A key component of the above course being U.S. Army War College Guide to National Security
Policy and Strategy, 2nd Edition:
This edition of the U. S. Army War College Guide to National Security Policy and Strategy reflects to some extent recent changes in the structure of the core curriculum at the War College. The college broke its traditional core course, “War, National Policy and Strategy,” into two courses: “Theory of War and Strategy” and “National Security Policy and Strategy.” The result for this book is the expansion of the block on strategic theory and the introduction of a block on specific strategic issues. Because little time has past since the publication of the most recent version of this book, this edition is largely an expansion of its predecessor rather than a major rewriting. Several chapters are new and others have undergone significant rewrites or updates, but about two-thirds of the book remains unchanged. Although this is not primarily a textbook, it does reflect both the method and manner we use to teach strategy formulation to America’s future senior leaders. The book is also not a comprehensive or exhaustive treatment of either strategy or the policymaking process. The Guide is organized in broad groups of chapters addressing general subject areas. We begin with a look at some specific issues about the general security environment—largely international. The section on strategic thought and formulation includes chapters on broad issues of strategy formulation as well as some basic strategic theory. The third section is about the elements of national power. A section on the national security policymaking process in the United States precedes the final section that deals with selected strategic issues.
While you are at it, this title from the AWC might be a good one Strategy and Grand Strategy: What Students and Practitioners Need to Know:
In this monograph, Dr. Tami Davis Biddle examines why it is so difficult to devise, implement, and sustain sound strategies and grand strategies. Her analysis begins with an examination of the meaning of the term “strategy” and a history of the ways that political actors have sought to employ strategies and grand strategies to achieve their desired political aims. She examines the reasons why the logic undergirding strategy is often lacking and why challenges of implementation (including bureaucratic politics, unforeseen events, civil-military tensions, and domestic pressures) complicate and undermine desired outcomes. This clear-headed critique, built on a broad base of literature (historical and modern; academic and policy-oriented), will serve as a valuable guide to students and policymakers alike as they seek to navigate their way through the unavoidable challenges—and inevitable twists and turns—inherent in the development and implementation of strategy.

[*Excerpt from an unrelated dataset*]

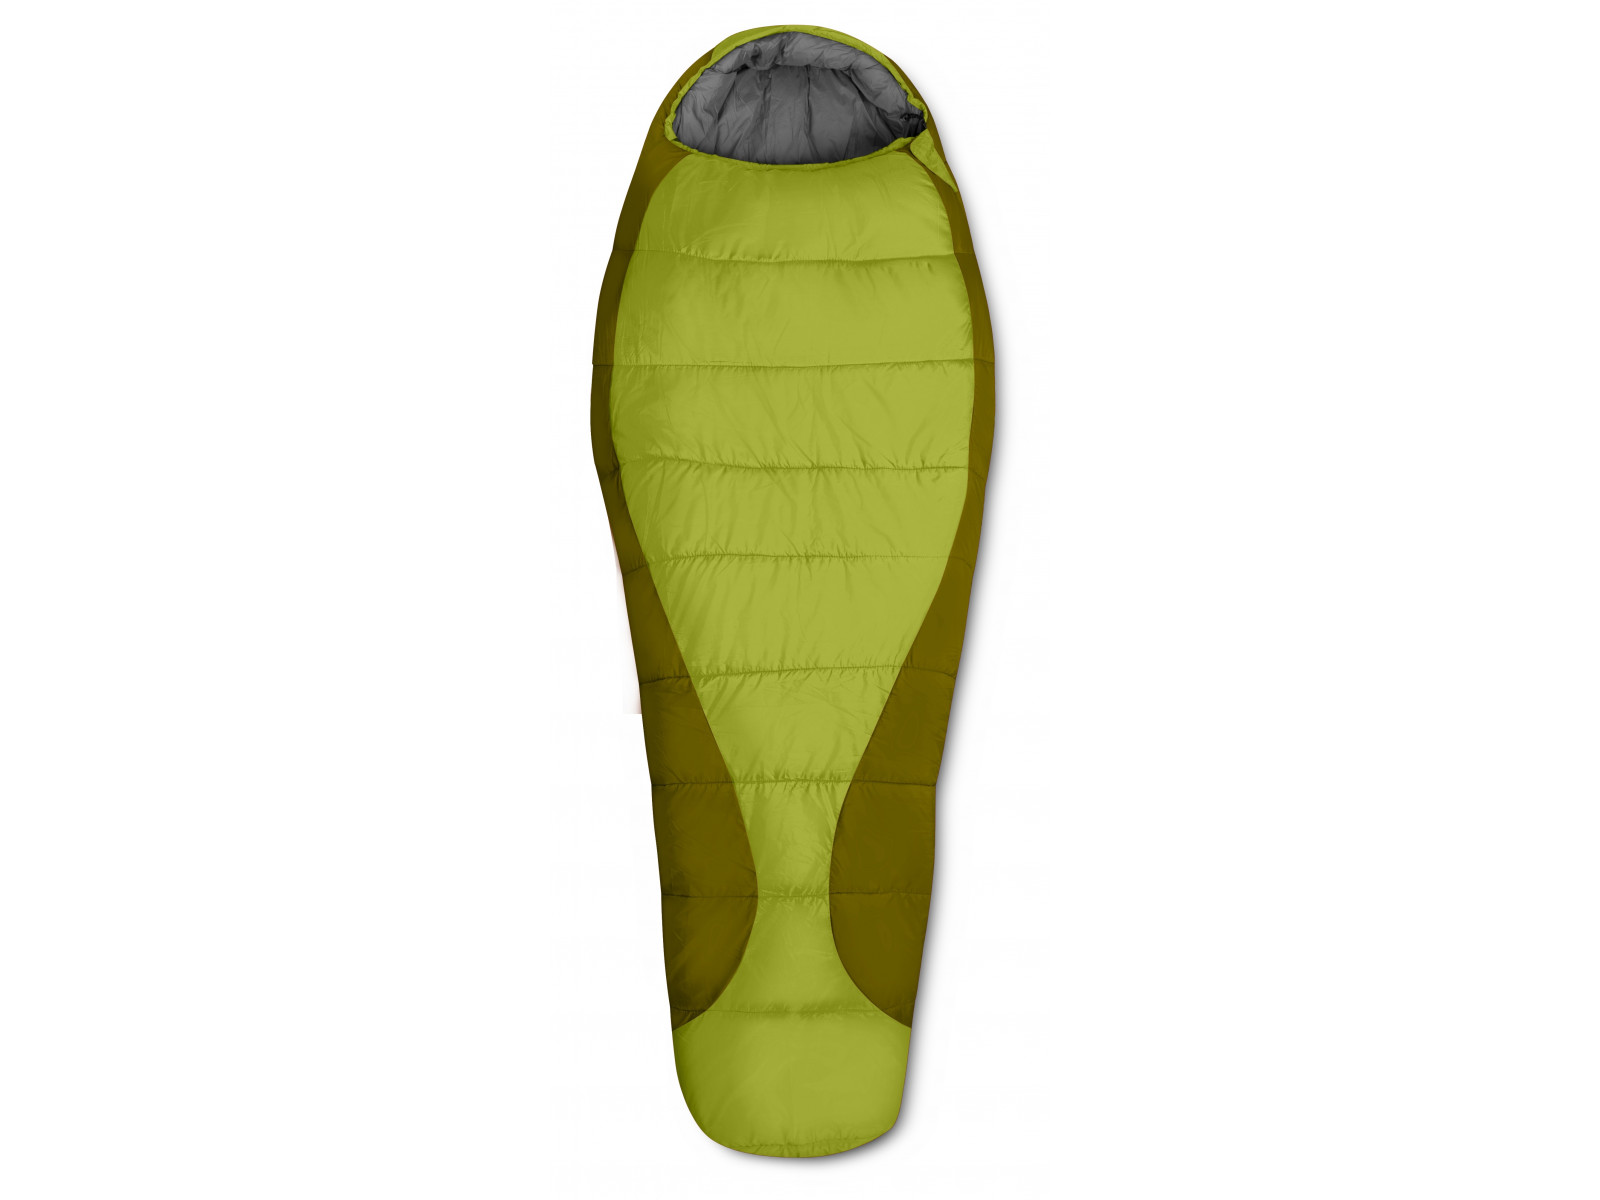 Toll Subtropical wood sleeping bag GANT kiwi green/mid.green

If you can gain access, the "self-study" courses offered by The Naval Postgraduate School Center for Homeland Defense and Security might be of interest:
These courses are developed by the NPS CHDS teaching faculty and are derived from course content (lecture material and course readings) from the Center’s homeland security master’s degree curriculum. The courses, offered at no cost, are designed for homeland defense and security professionals who wish to enhance their understanding of key homeland security concepts and require the flexibility of self-paced instruction.
There are several good titles offered, including "Critical Infrastructure Protection: Transportation Security" and "Critical Infrastructure: Vulnerability Analysis and Protection" the latter course description ought to prompt some thinking all by it self:
Critical Infrastructure protection is one of the cornerstones of homeland security. While PDD-63 lists 8 sectors, the National Strategy for Protection of Critical Infrastructure and Key Assets lists 11 sectors: Water, Power & Energy, Information & Telecommunications, Chemical Industry, Transportation, Banking & Finance, Defense Industry, Postal & Shipping, Agriculture & Food, Public Health, and Emergency Services. For the purposes of this course, we have divided these into levels with Water, Power & Energy, and Information & Telecommunications forming the first – or foundational – level. Chemical Industry, Transportation, and Banking & Finance are assigned level 2, and the remaining sectors are designated level 3 infrastructures. These levels indicate dependencies – higher levels are dependent on lower levels. Thus we focus most attention on the most fundamental critical infrastructures. This course develops a network theory of vulnerability analysis and risk assessment called “model-based vulnerability analysis” used to extract the critical nodes from each sector, model the nodes’ vulnerabilities by representing them in the form of a fault-tree, and then applying fault and financial risk reduction techniques to derive the optimal strategy for protection of each sector.

Not surprisingly, YouTube has some good discussions:








The point being, there is stuff out there for the autodidacts among you.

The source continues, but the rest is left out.